**EXERCISE DETAILS:**
Repeat only the stretch of lines below that runs from the line with "Wink Armchair by Toshiyuki Kita for Cassina" through the line with "Ergonomically correct and", unaltered.

**SOURCE INFORMATION:**

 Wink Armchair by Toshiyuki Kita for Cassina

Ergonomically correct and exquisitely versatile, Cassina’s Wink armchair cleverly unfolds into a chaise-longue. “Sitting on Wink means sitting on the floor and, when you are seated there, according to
==
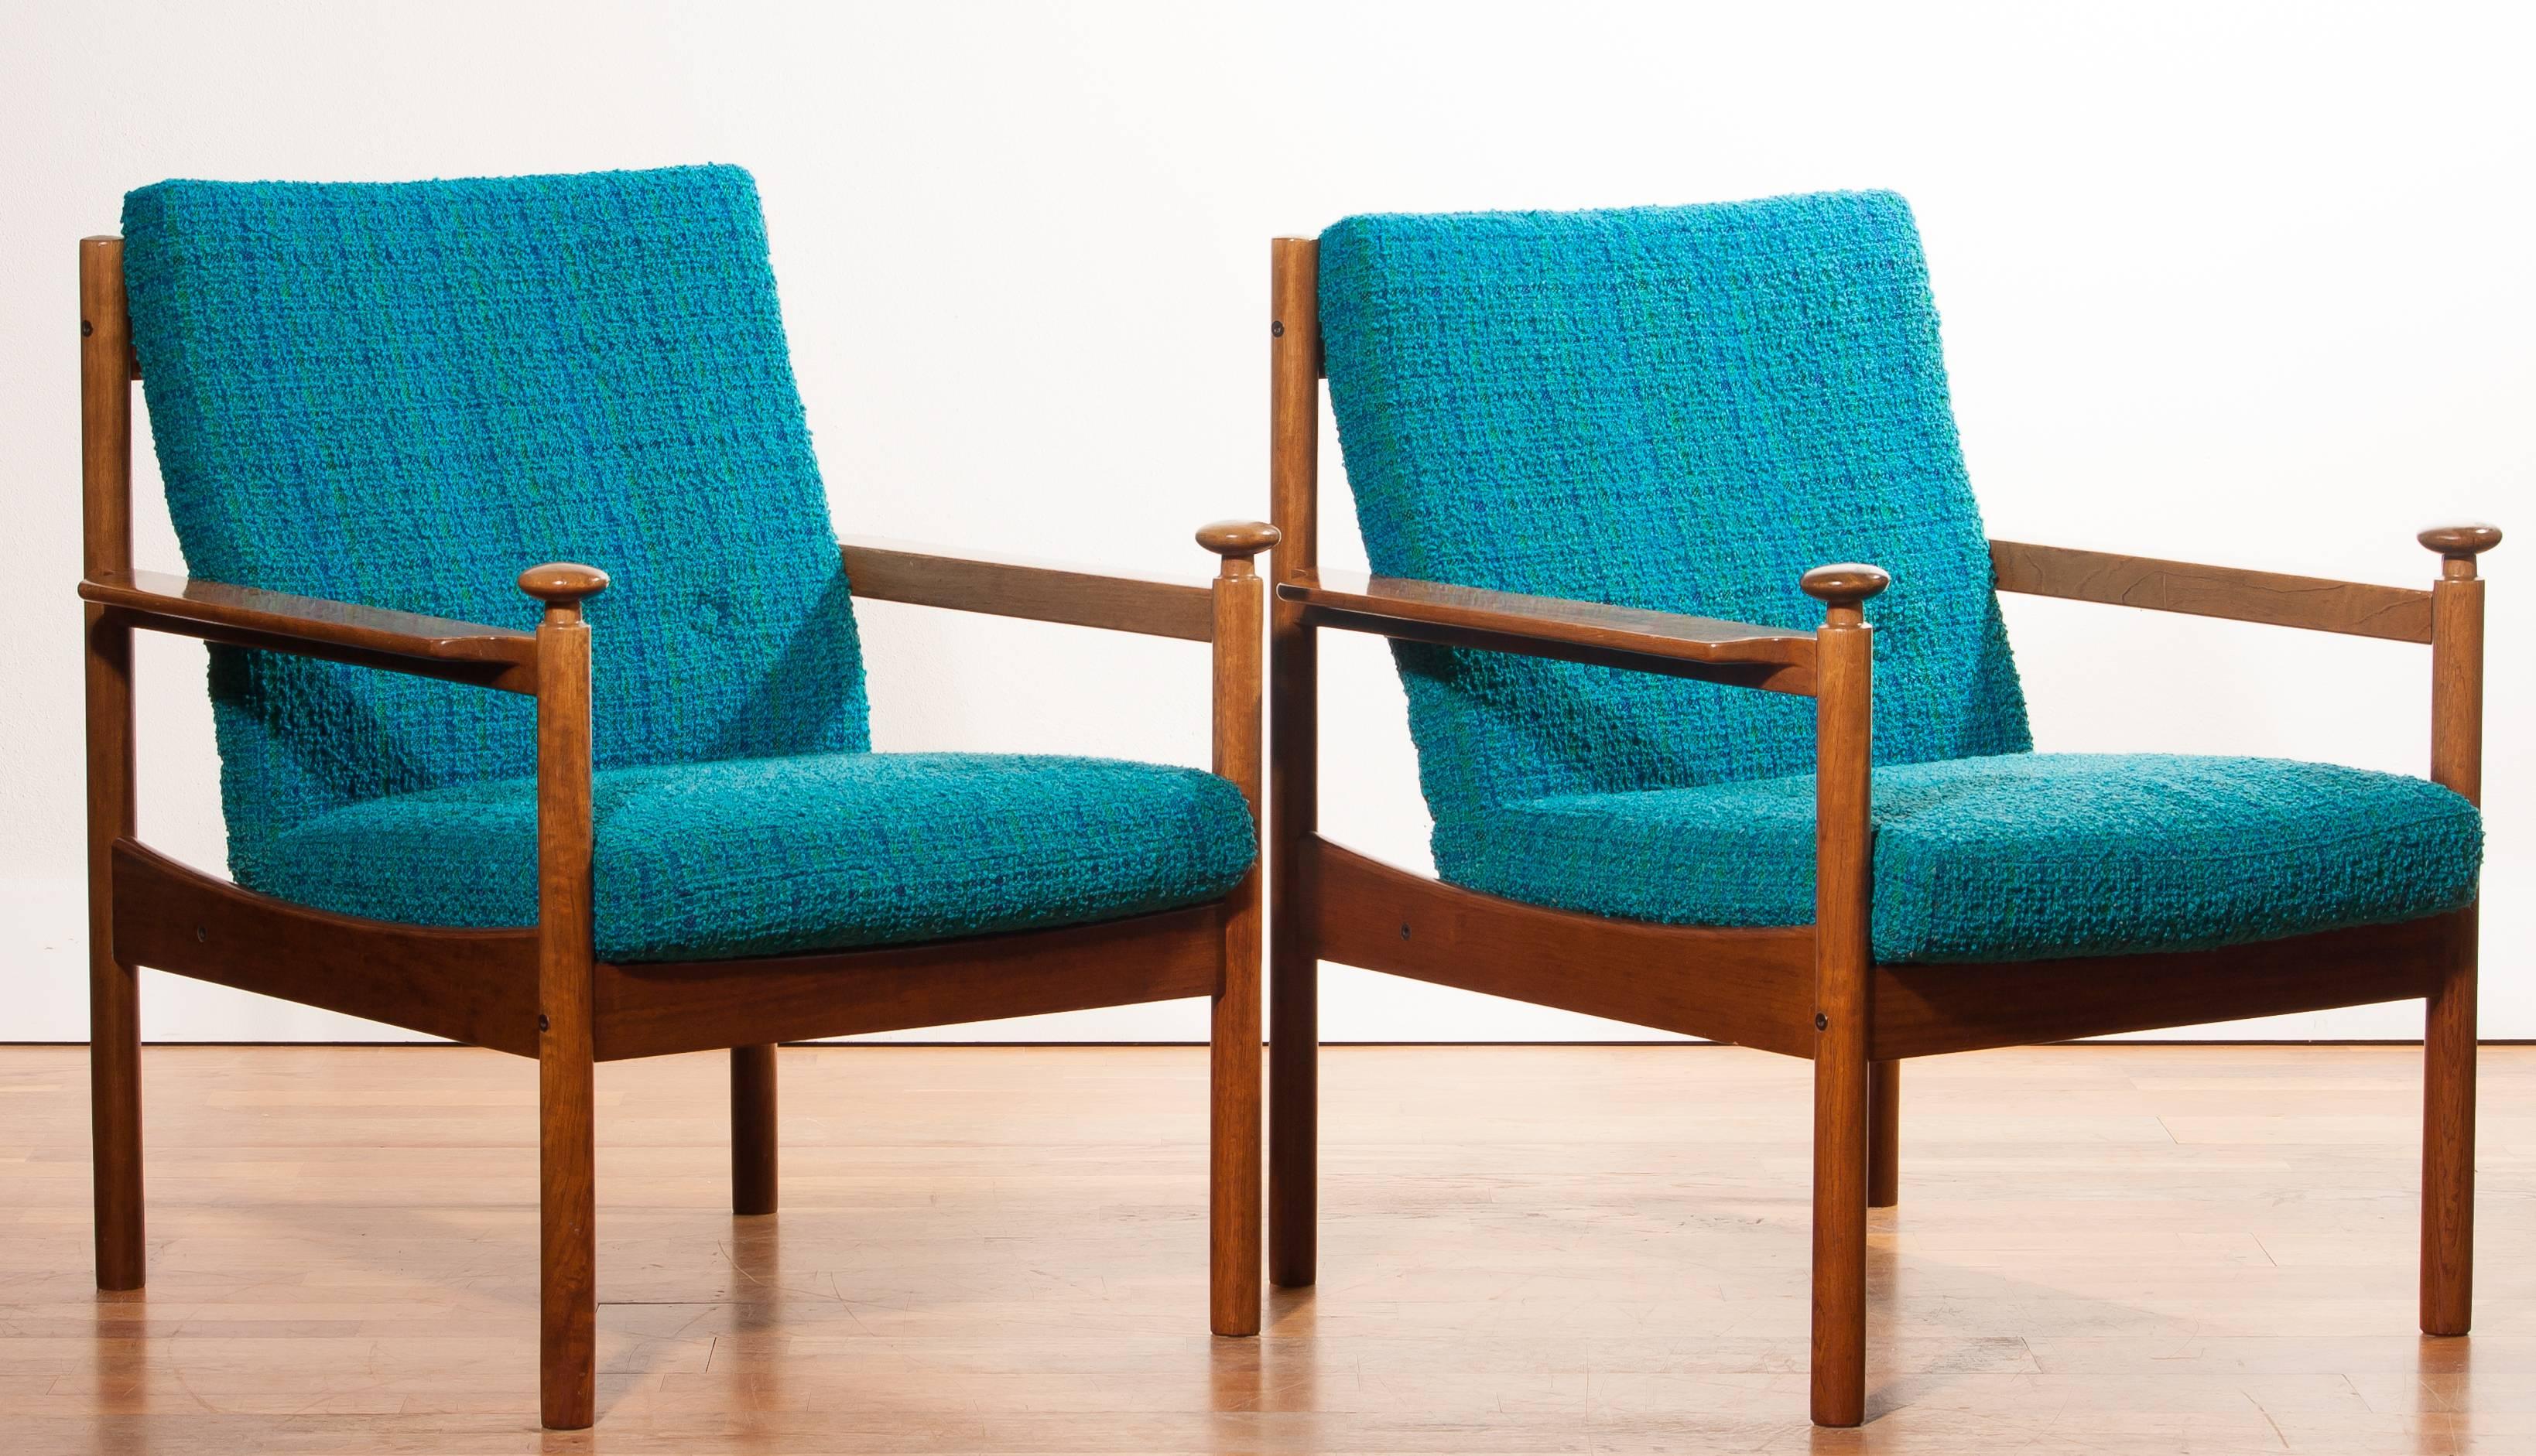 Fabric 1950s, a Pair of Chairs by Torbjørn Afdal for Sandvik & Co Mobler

**TASK RESPONSE:**
 Wink Armchair by Toshiyuki Kita for Cassina

Ergonomically correct and exquisitely versatile, Cassina’s Wink armchair cleverly unfolds into a chaise-longue. “Sitting on Wink means sitting on the floor and, when you are seated there, according to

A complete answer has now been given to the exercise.